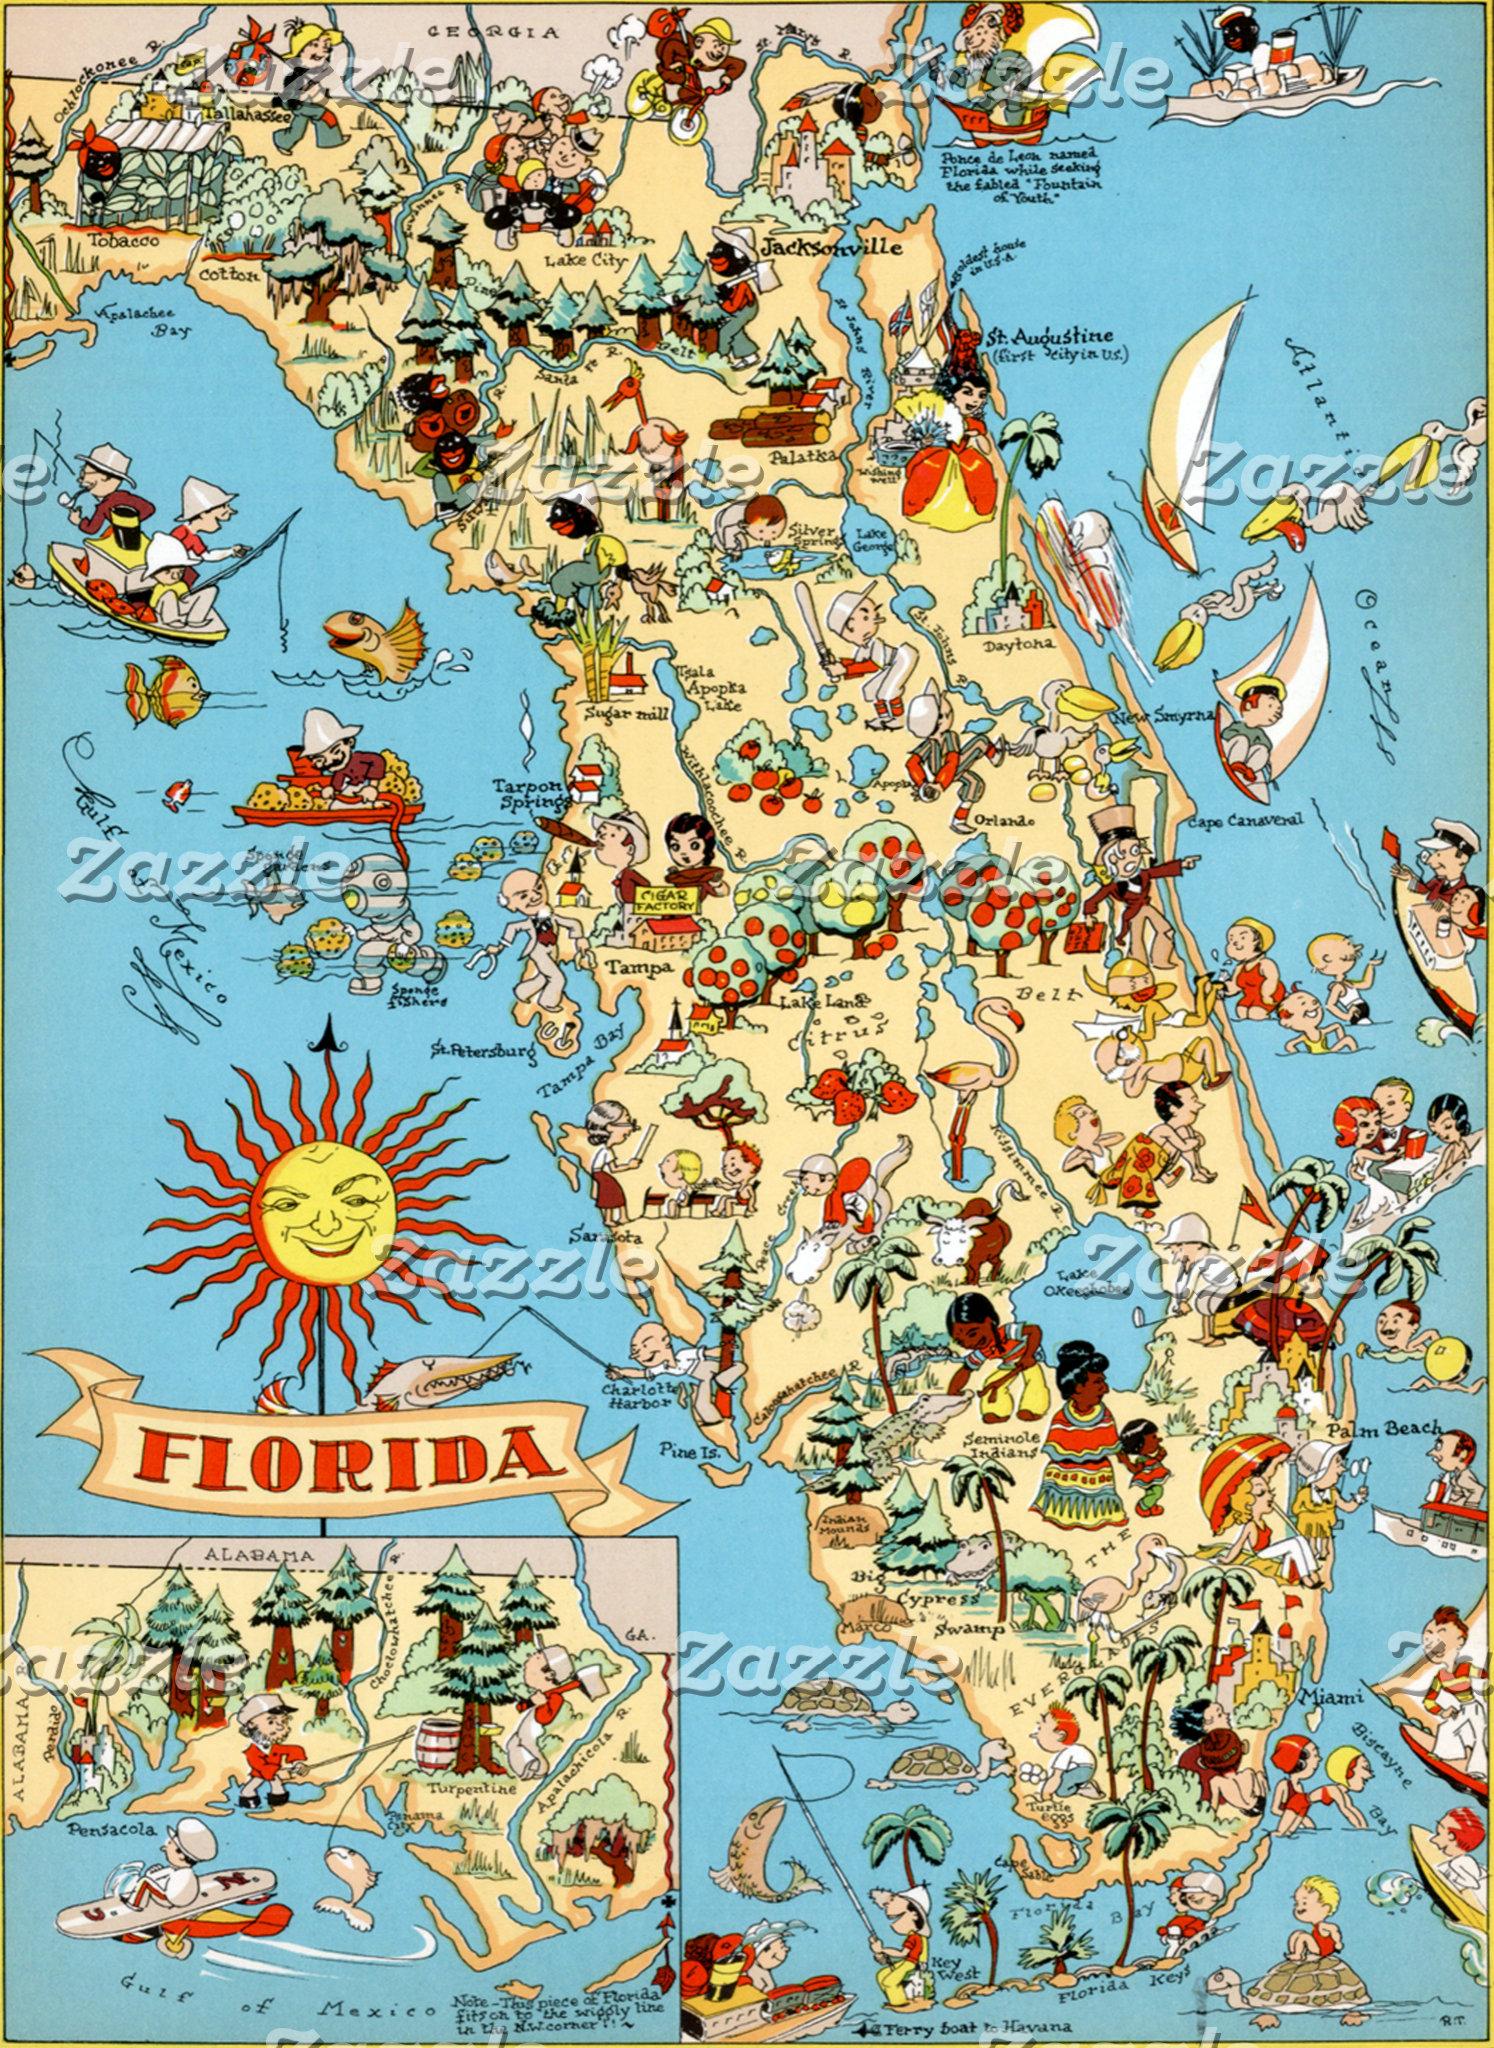 State Maps - Prints
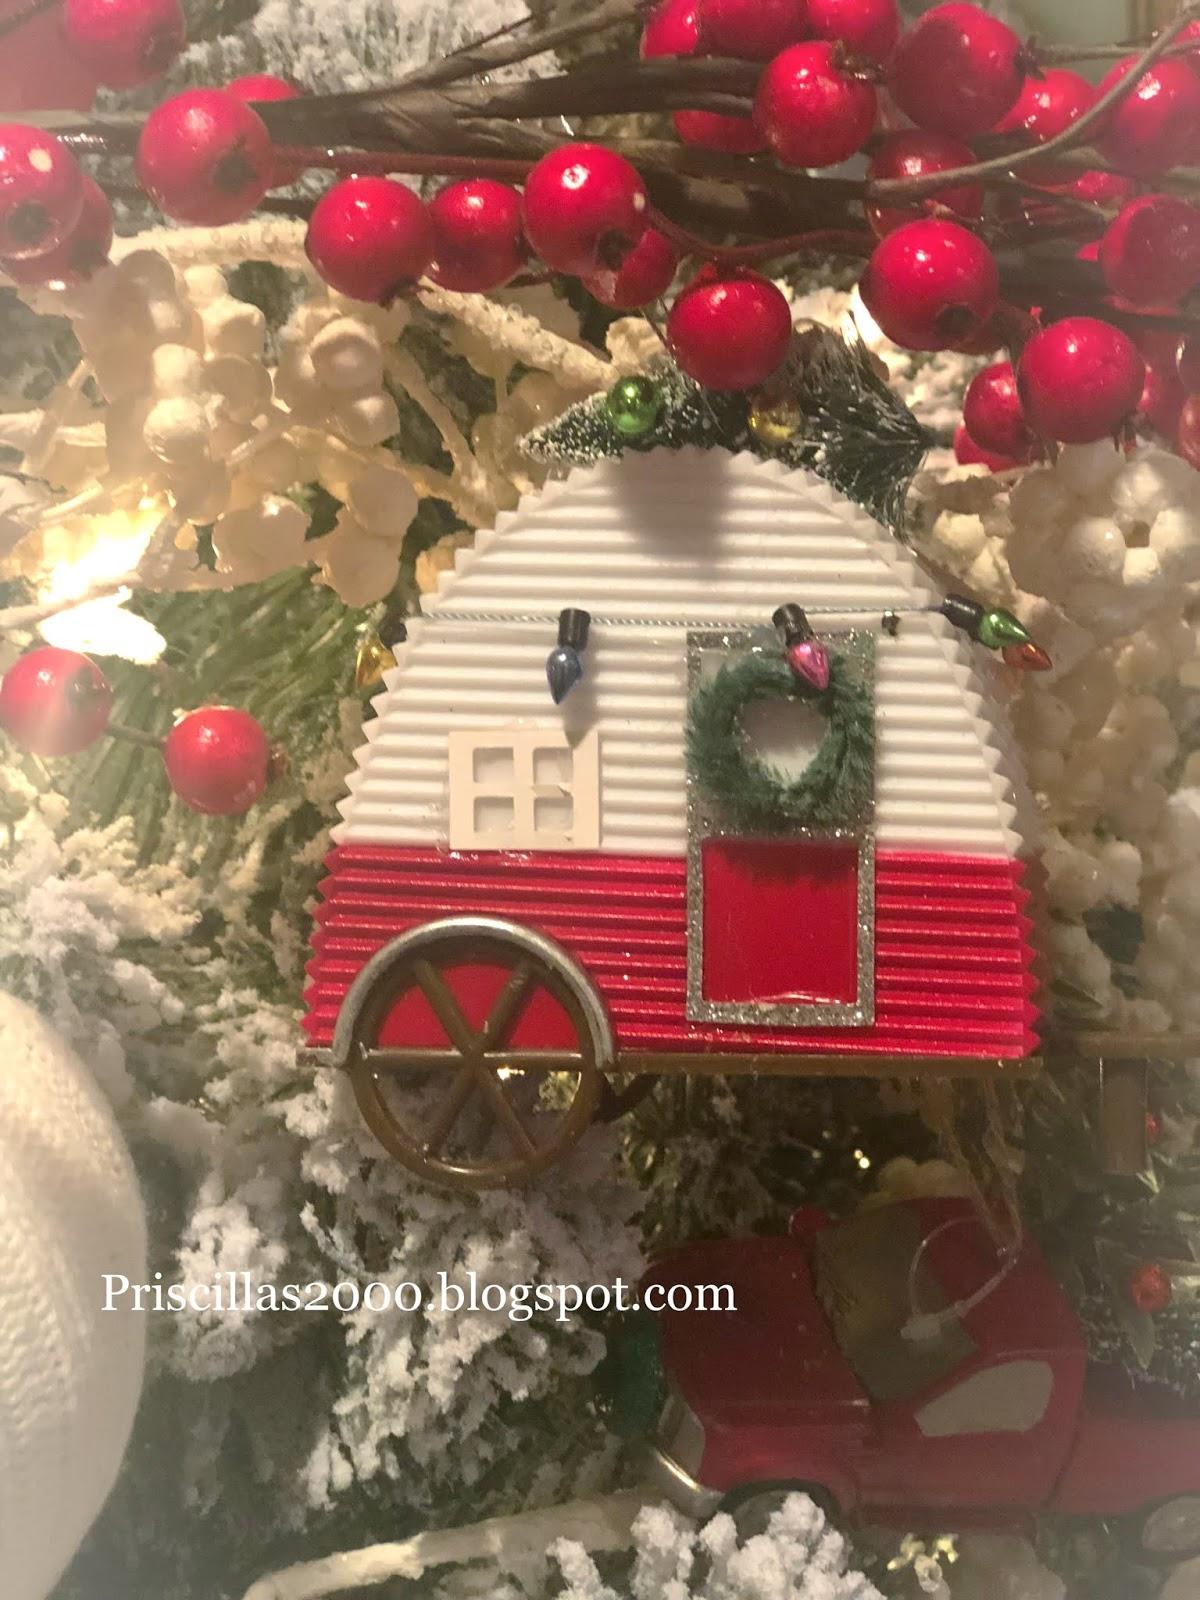 Priscillas Red Truck Christmas Tree
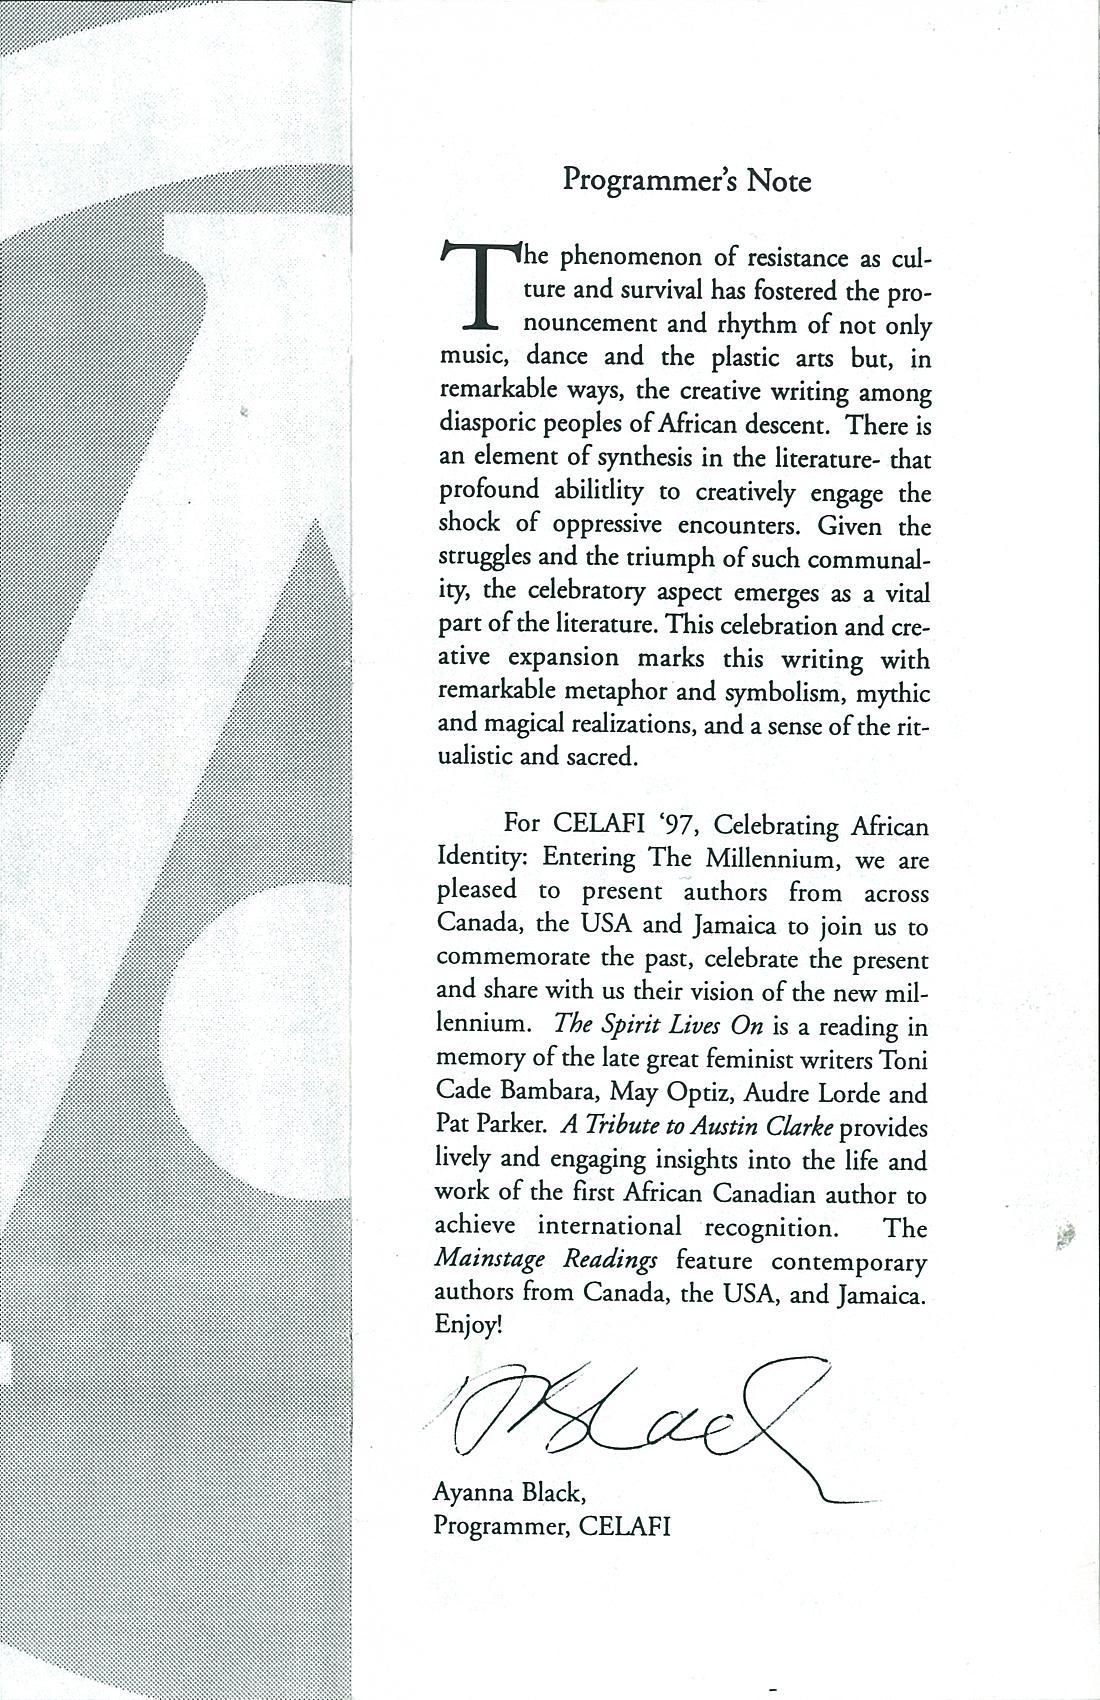 7. Lit - Austin Clarke Tribute

══════════

**Task directions**
Please restate all of the listing above word for word, with no pictures.

**Exercise output**
 State Maps - Prints
 Priscillas Red Truck Christmas Tree
 7. Lit - Austin Clarke Tribute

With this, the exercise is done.